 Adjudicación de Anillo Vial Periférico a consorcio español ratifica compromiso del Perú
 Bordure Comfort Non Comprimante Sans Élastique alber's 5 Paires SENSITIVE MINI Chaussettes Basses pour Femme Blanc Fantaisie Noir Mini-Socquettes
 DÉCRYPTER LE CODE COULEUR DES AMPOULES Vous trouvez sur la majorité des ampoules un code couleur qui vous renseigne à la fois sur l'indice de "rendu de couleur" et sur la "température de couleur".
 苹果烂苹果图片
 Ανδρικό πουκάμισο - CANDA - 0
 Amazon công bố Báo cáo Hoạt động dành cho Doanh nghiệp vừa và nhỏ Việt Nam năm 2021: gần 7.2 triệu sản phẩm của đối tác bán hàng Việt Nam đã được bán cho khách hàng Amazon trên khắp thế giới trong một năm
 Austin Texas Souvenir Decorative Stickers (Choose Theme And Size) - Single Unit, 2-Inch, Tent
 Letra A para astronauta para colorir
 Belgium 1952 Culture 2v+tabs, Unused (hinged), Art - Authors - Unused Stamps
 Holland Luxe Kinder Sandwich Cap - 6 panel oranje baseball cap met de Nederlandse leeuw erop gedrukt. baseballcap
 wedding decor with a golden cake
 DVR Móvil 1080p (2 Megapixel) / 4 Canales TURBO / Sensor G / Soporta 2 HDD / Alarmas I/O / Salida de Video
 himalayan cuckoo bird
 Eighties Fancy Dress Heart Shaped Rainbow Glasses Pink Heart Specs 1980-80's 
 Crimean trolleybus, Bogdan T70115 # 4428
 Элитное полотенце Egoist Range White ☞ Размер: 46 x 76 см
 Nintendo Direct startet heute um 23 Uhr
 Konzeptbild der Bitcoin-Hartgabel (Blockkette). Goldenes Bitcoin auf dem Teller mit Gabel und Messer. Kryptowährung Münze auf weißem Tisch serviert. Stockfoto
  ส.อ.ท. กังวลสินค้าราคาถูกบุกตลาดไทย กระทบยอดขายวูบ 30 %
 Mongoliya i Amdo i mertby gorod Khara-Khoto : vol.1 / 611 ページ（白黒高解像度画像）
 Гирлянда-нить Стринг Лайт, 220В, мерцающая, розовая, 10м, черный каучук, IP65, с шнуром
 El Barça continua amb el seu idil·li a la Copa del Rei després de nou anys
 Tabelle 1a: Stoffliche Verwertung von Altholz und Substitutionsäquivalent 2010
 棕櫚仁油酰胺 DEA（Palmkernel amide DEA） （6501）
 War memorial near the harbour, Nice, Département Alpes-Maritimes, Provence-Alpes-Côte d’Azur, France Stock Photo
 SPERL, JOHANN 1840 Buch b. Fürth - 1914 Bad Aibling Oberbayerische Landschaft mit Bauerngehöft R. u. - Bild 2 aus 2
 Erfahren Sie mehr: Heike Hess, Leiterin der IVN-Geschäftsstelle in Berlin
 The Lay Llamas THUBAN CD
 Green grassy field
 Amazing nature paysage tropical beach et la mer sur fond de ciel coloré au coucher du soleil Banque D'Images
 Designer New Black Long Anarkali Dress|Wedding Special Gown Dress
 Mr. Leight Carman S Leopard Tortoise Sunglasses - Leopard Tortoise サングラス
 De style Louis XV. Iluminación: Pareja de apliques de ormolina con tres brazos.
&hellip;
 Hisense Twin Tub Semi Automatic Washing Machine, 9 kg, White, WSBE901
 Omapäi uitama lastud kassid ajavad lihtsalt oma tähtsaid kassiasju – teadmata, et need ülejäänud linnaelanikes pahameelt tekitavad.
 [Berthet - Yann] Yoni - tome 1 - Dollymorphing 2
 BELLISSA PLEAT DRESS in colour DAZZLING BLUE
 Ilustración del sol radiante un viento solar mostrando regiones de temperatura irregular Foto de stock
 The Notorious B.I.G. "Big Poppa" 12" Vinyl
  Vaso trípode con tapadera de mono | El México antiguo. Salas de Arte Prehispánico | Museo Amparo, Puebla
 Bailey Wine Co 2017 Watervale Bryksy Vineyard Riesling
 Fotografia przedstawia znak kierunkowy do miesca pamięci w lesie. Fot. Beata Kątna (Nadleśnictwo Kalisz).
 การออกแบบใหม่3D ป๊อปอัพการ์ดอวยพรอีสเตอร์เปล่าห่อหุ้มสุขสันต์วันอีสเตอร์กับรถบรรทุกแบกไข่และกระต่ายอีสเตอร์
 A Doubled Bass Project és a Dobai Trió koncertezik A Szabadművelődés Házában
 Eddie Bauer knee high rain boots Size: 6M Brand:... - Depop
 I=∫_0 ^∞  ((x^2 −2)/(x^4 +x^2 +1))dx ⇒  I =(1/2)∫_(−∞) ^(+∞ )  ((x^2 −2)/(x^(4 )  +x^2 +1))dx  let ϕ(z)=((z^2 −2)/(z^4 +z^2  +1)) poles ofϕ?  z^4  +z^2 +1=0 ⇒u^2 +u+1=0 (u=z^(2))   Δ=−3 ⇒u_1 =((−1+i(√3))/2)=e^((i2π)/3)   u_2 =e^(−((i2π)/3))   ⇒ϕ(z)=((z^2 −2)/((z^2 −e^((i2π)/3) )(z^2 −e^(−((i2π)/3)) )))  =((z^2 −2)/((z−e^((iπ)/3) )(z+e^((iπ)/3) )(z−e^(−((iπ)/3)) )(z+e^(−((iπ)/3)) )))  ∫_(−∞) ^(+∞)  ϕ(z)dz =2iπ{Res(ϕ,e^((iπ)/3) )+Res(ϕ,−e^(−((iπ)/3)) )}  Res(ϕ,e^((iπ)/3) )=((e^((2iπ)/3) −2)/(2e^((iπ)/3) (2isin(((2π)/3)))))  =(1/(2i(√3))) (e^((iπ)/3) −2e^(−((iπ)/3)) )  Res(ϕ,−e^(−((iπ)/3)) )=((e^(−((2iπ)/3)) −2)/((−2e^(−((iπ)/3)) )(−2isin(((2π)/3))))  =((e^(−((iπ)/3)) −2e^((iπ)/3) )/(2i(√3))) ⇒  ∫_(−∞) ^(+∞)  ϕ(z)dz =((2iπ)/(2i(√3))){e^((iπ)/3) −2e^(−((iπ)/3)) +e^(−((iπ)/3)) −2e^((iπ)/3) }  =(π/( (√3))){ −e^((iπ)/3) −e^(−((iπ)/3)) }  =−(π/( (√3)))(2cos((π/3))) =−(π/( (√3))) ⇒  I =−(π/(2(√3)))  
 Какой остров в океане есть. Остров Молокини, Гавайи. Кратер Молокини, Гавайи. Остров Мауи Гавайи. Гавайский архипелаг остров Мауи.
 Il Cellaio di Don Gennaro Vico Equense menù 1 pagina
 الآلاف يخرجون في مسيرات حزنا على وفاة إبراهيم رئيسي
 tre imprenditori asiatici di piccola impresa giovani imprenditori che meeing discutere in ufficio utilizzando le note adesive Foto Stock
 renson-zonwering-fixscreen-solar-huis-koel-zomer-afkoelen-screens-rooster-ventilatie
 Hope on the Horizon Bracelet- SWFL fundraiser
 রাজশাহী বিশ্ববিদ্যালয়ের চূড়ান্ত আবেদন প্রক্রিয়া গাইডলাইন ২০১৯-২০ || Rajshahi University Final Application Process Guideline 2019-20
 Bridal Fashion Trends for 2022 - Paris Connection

Exercise objective:
Would you retype exactly the lines above, from the line with "Nintendo Direct startet heute um 23 Uhr" to the line with "BELLISSA PLEAT DRESS in colour DAZZLING BLUE", with both end lines kept and nothing more?

Response to this exercise:
 Nintendo Direct startet heute um 23 Uhr
 Konzeptbild der Bitcoin-Hartgabel (Blockkette). Goldenes Bitcoin auf dem Teller mit Gabel und Messer. Kryptowährung Münze auf weißem Tisch serviert. Stockfoto
  ส.อ.ท. กังวลสินค้าราคาถูกบุกตลาดไทย กระทบยอดขายวูบ 30 %
 Mongoliya i Amdo i mertby gorod Khara-Khoto : vol.1 / 611 ページ（白黒高解像度画像）
 Гирлянда-нить Стринг Лайт, 220В, мерцающая, розовая, 10м, черный каучук, IP65, с шнуром
 El Barça continua amb el seu idil·li a la Copa del Rei després de nou anys
 Tabelle 1a: Stoffliche Verwertung von Altholz und Substitutionsäquivalent 2010
 棕櫚仁油酰胺 DEA（Palmkernel amide DEA） （6501）
 War memorial near the harbour, Nice, Département Alpes-Maritimes, Provence-Alpes-Côte d’Azur, France Stock Photo
 SPERL, JOHANN 1840 Buch b. Fürth - 1914 Bad Aibling Oberbayerische Landschaft mit Bauerngehöft R. u. - Bild 2 aus 2
 Erfahren Sie mehr: Heike Hess, Leiterin der IVN-Geschäftsstelle in Berlin
 The Lay Llamas THUBAN CD
 Green grassy field
 Amazing nature paysage tropical beach et la mer sur fond de ciel coloré au coucher du soleil Banque D'Images
 Designer New Black Long Anarkali Dress|Wedding Special Gown Dress
 Mr. Leight Carman S Leopard Tortoise Sunglasses - Leopard Tortoise サングラス
 De style Louis XV. Iluminación: Pareja de apliques de ormolina con tres brazos.
&hellip;
 Hisense Twin Tub Semi Automatic Washing Machine, 9 kg, White, WSBE901
 Omapäi uitama lastud kassid ajavad lihtsalt oma tähtsaid kassiasju – teadmata, et need ülejäänud linnaelanikes pahameelt tekitavad.
 [Berthet - Yann] Yoni - tome 1 - Dollymorphing 2
 BELLISSA PLEAT DRESS in colour DAZZLING BLUE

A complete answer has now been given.